_YOUR TASK_: Could you output the listing that follows exactly, without its images?

_DATA PROVIDED_:
------------------------
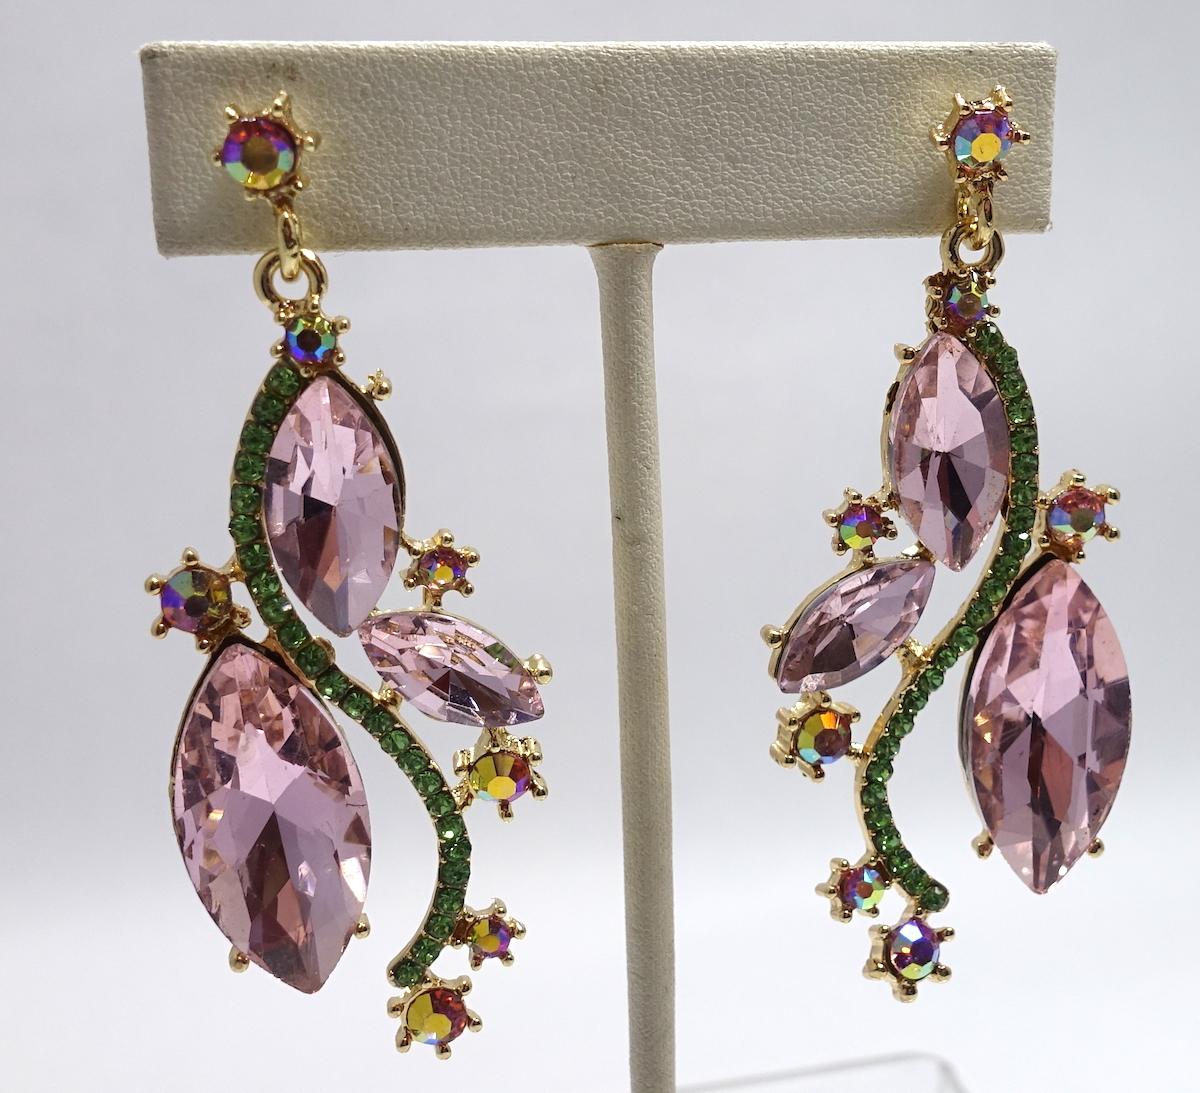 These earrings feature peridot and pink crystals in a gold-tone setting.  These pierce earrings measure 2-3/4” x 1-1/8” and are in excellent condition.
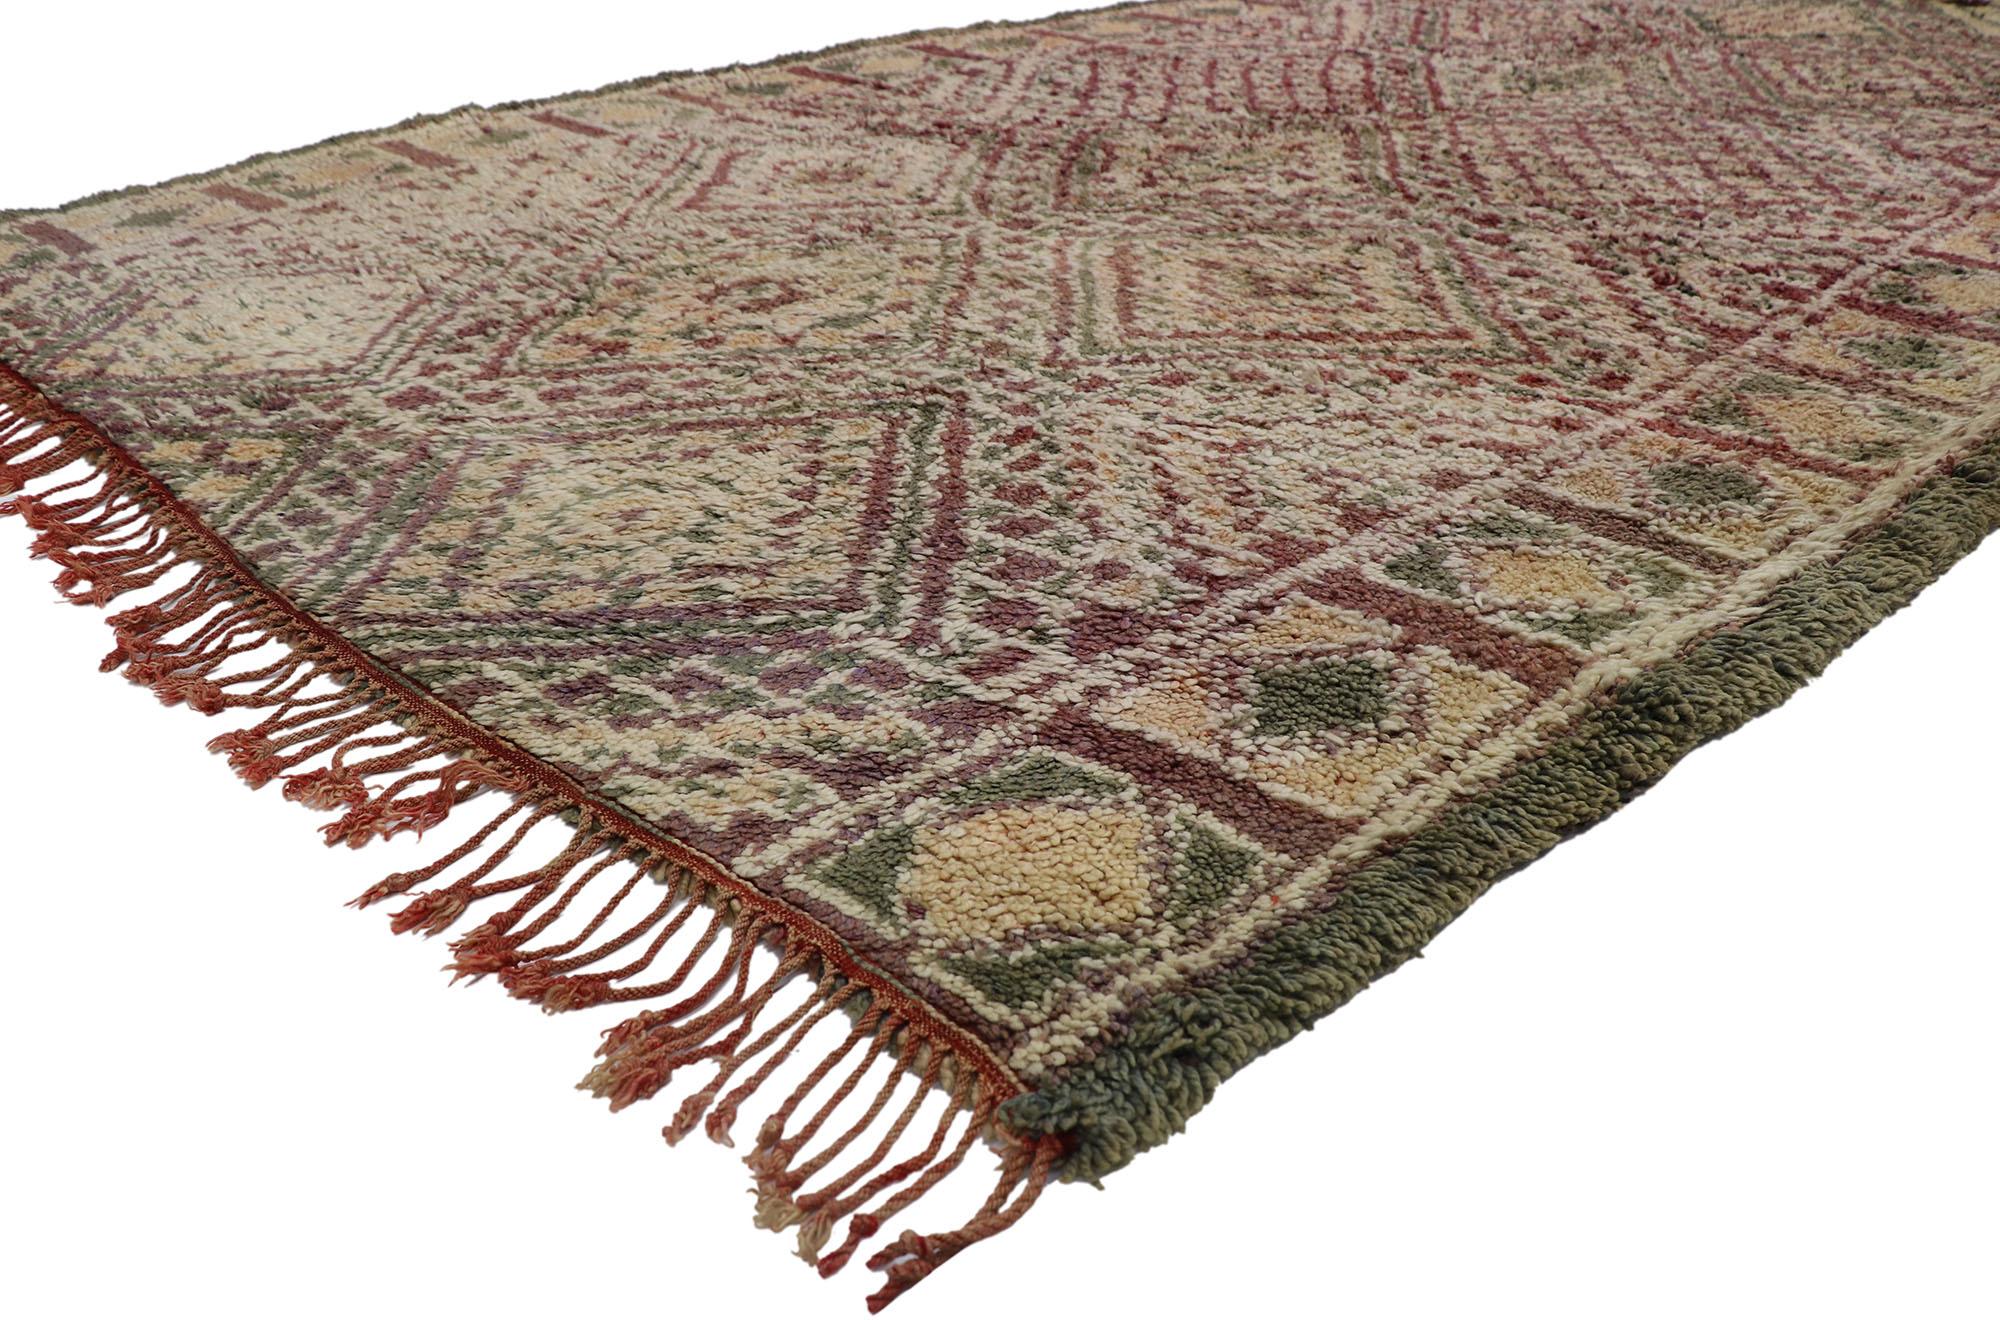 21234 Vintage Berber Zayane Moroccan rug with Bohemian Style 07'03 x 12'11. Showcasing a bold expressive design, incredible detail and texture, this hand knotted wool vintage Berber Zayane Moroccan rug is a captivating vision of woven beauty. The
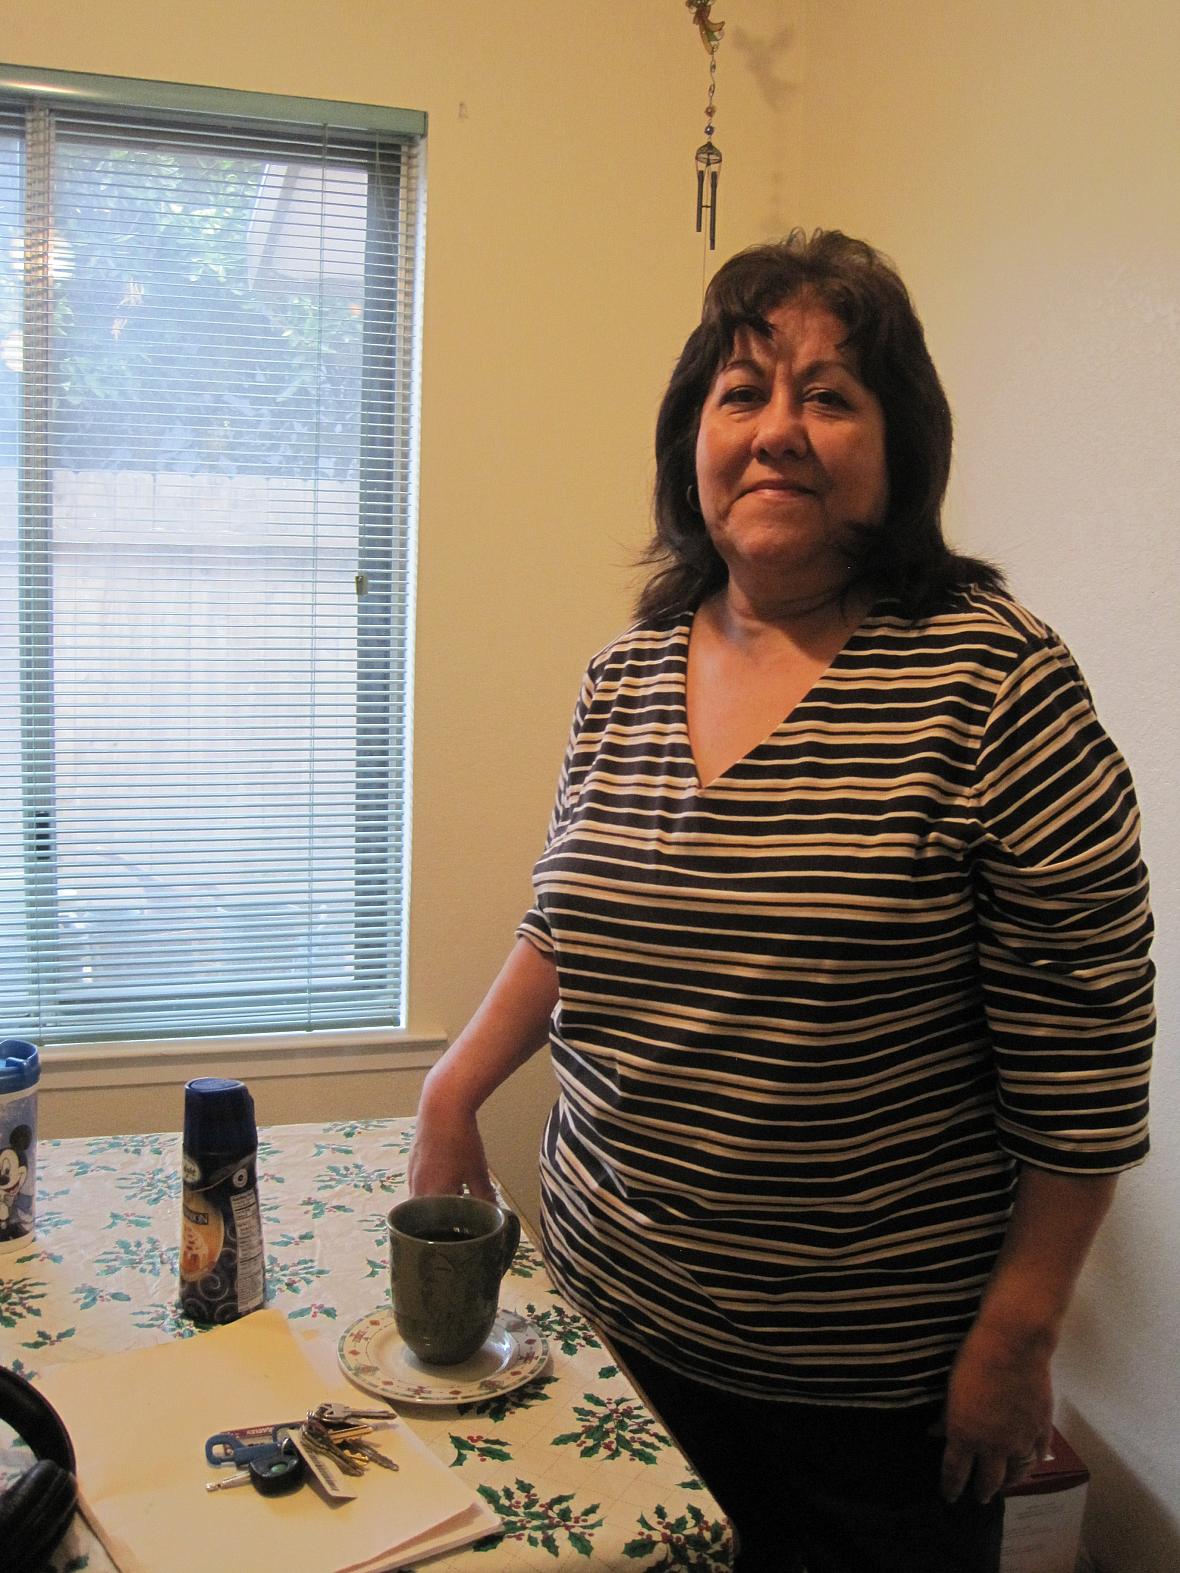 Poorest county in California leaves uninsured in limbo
------------------------
_FINISHED EXERCISE_:
 These earrings feature peridot and pink crystals in a gold-tone setting.  These pierce earrings measure 2-3/4” x 1-1/8” and are in excellent condition.
 21234 Vintage Berber Zayane Moroccan rug with Bohemian Style 07'03 x 12'11. Showcasing a bold expressive design, incredible detail and texture, this hand knotted wool vintage Berber Zayane Moroccan rug is a captivating vision of woven beauty. The
 Poorest county in California leaves uninsured in limbo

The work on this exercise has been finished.